Bloomsbury Publishing (LON:BMY)
When I sold Bloomsbury in May, the stock failed my screen on two counts:
May 2019
Fast forward to today and the stock delivers a clean sweep:
For investors used to following a more subjective process, my decision to buy and sell stocks on this basis may seem rather arbitrary. I feel that too sometimes, but that’s the point here.
My Stock in Focus (SIF) fantasy fund is run as a rules-based portfolio. I’m only allowed to exert a small amount of subjective judgment on stock picks. My rules are intended to select stocks offering a balanced mix of value, quality and momentum. You can see them here, if you create a copy of my screen for your own use.

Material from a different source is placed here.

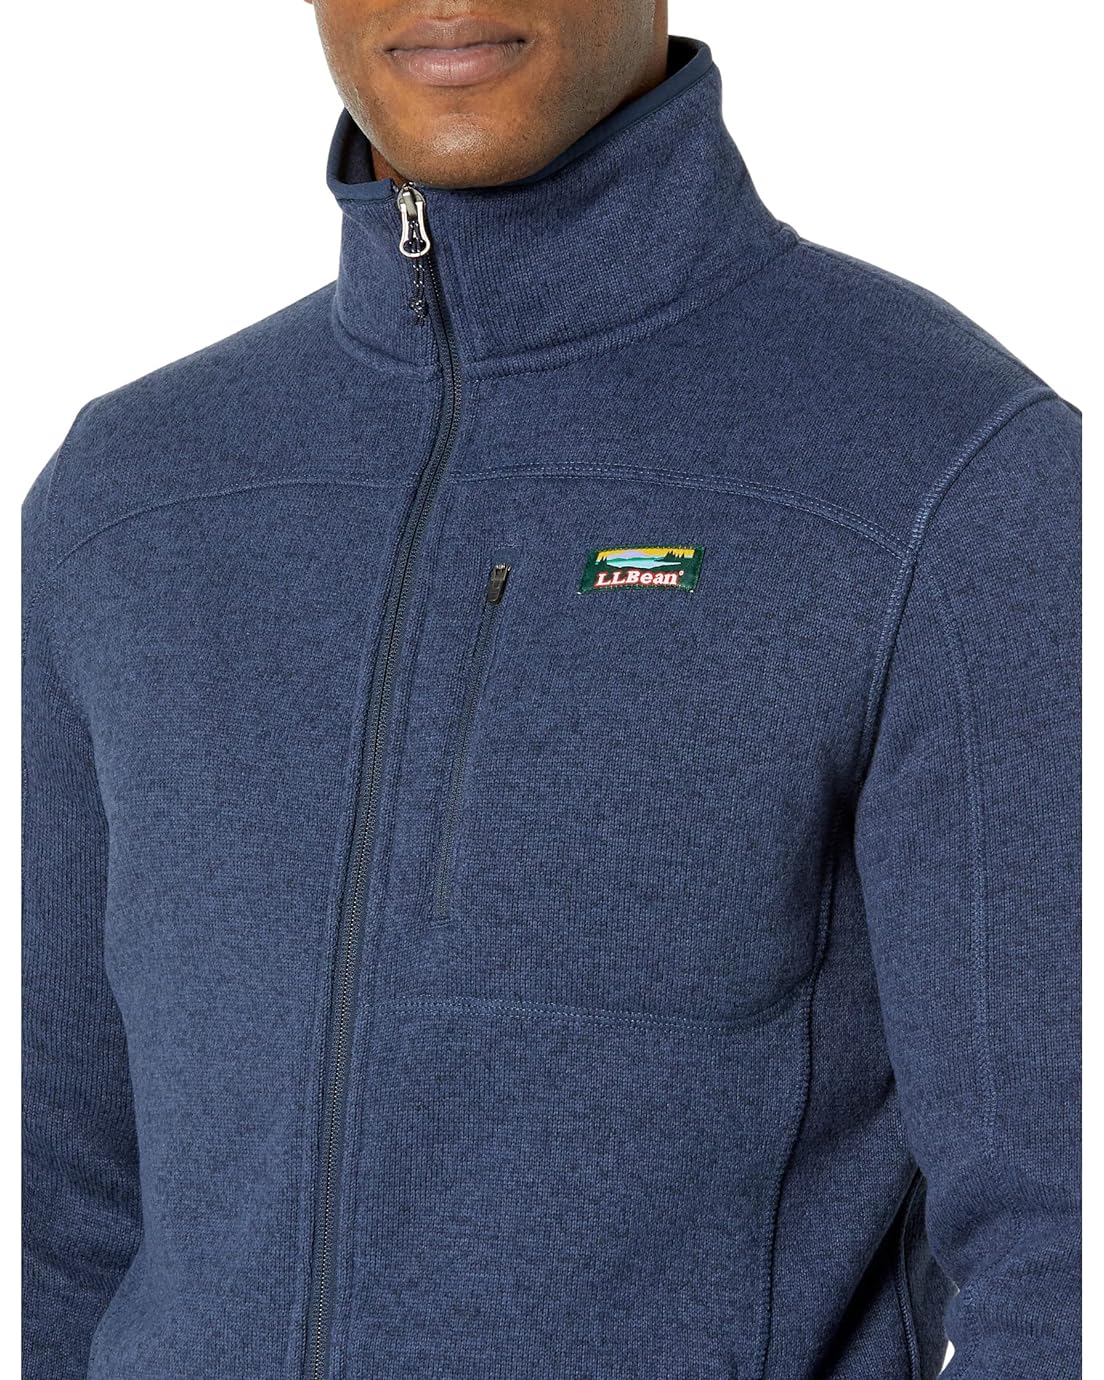  L.L.Bean Sweater Fleece Full Zip Jacket - Tall

I’ve been doing this since April 2016 and so far I’ve stayed ahead of the market:
The gap has narrowed recently, but at the time of writing SIF was still ahead of the FTSE All-Share by 18% on a three-year view. I invest a portion of my own real-money portfolio in all of the SIF picks, so I have a strong incentive to make the system work.
Getting back to Bloomsbury, the Harry Potter publisher’s share price has been almost eerily flat in recent months, despite recent results that were ahead of expectations.
If I had my discretionary investing hat on, I would say this was quite possibly a sign that the shares are fully priced. But I don’t generally allow myself that kind of guesswork, unless…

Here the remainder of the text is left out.